My writing spirit seemed to have vanished.
For weeks now, I’ve been sitting at the computer, staring at the cursor in my Word document, while my mind remains little more than a vacuous chasm of emptiness.
Sapped of my creativity, my well of lingo, lay dry and cracked in a blazing sun of suckiness.
Now that I have that out of the way, a conversation I was having this morning, with a new friend, struck a chord. You wouldn’t think it would have, as the conversation was so innocuous. But something was said, some little phrase.
“I don’t know what to write about.”
While I was reading last night, the Karmapa used the phrase; we have to know what we are meditating on, in order to actually meditate.

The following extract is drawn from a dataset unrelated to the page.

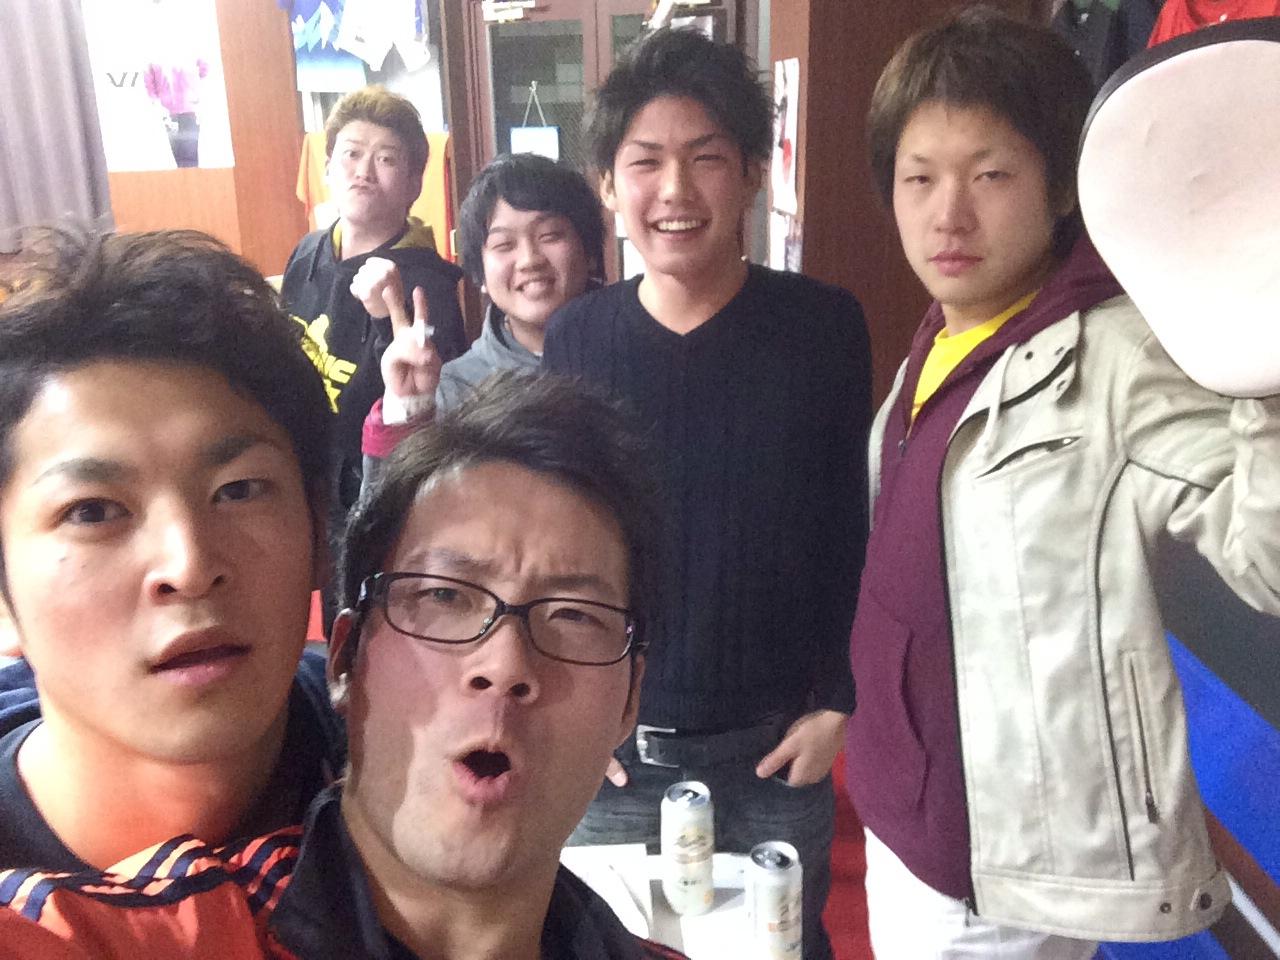 集合写真!忘年会楽しすぎましたヽ(^o^)丿
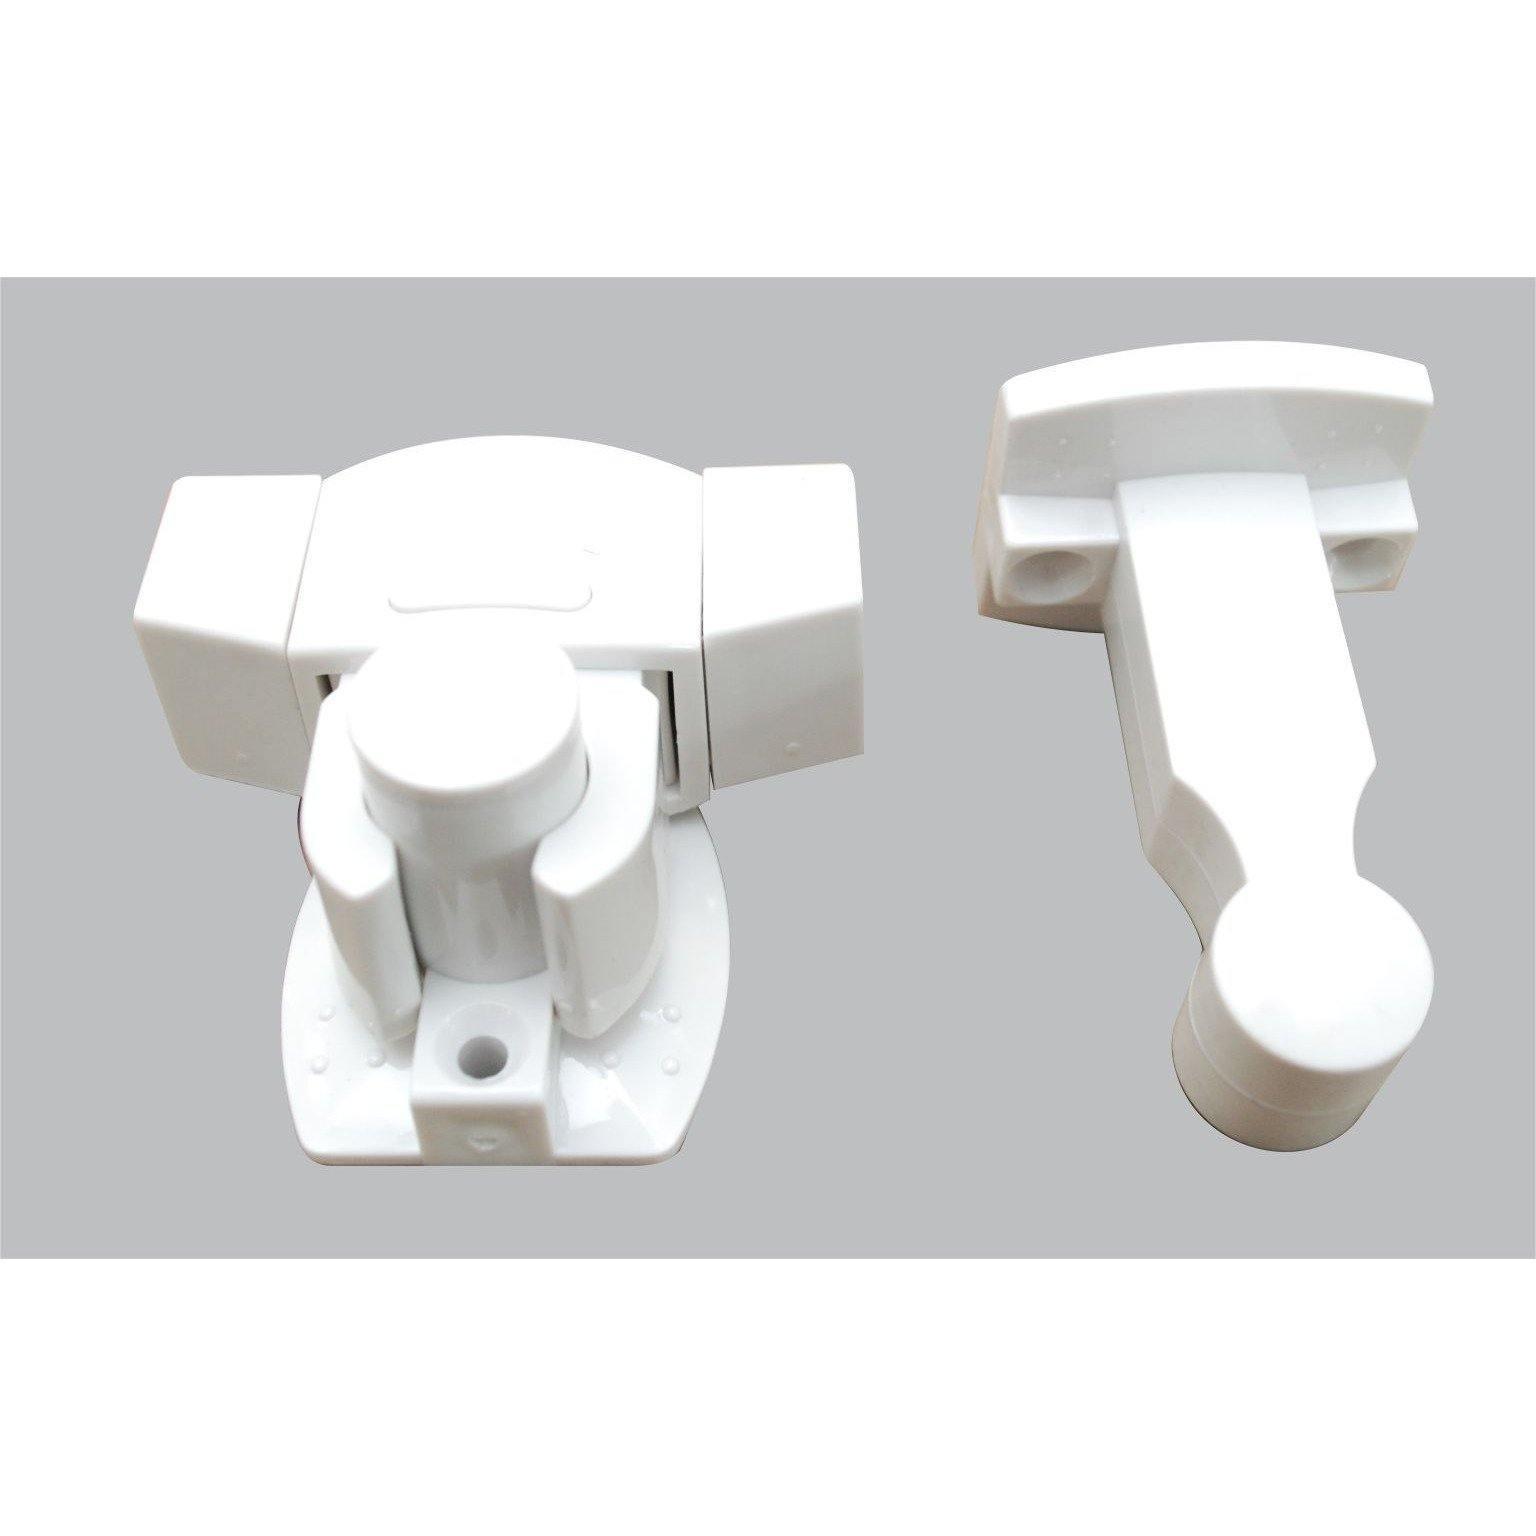 White plastic door stop - floor & wall mount

If we are not sure of our focus, then it becomes little more than shallow posturing; and to be honest, lately, I have felt very much like I have been posturing instead of truly engaging. This lack of engagement has been reflected in my inability to write and be fully aware in other pursuits as well.
So for those many weeks, while I sat, I couldn’t write because I had no idea what to write about, I wasn’t engaging the process of what I was doing.
I was posturing in the hopes of something magically popping up on the screen and leading me down a path of some usefulness.
Well, it doesn’t really work that way.
Just like our sitting practice, we can’t just hit the cushion and hope enlightenment and understanding find us.
What is our purpose while we sit and engage?
What is it that we are trying to accomplish?
In the long run, we all say, enlightenment, but we know all to well that our sitting process isn’t really a one stop shop of Nirvana 101. It is the daily process of cooking, working, kids, relationships etc.
Sitting gives us the chance to reflect, peel away our projections and mental images and to really see the ground of each reality we interplay with.
The practice isn’t on the cushion; the cushion is only the recharge from the intense practice of day to day life.
When I come home from the doctor and Brynn misses the potty and instead pees on me, then the dog pees on the floor, then the cat throws up and I step in it and this annoyance followed by that one and ad infinitum, we stop engagement these moments because they piss us off.
But without those moments, there is no true engagement of a grounded reality. These irritants are what bring our practice into fruition. They allow us the opportunity to apply and be calm in the chaos.
“We must find comfort in the uncertainty of reality.” ~ Chogyam Trungpa
My writing was gone because I was uncertain; I was not engaging my interactions let alone myself; I was being evasive and hoping for a miracle when all along, it is mindfulness that allows for that miracle to manifest.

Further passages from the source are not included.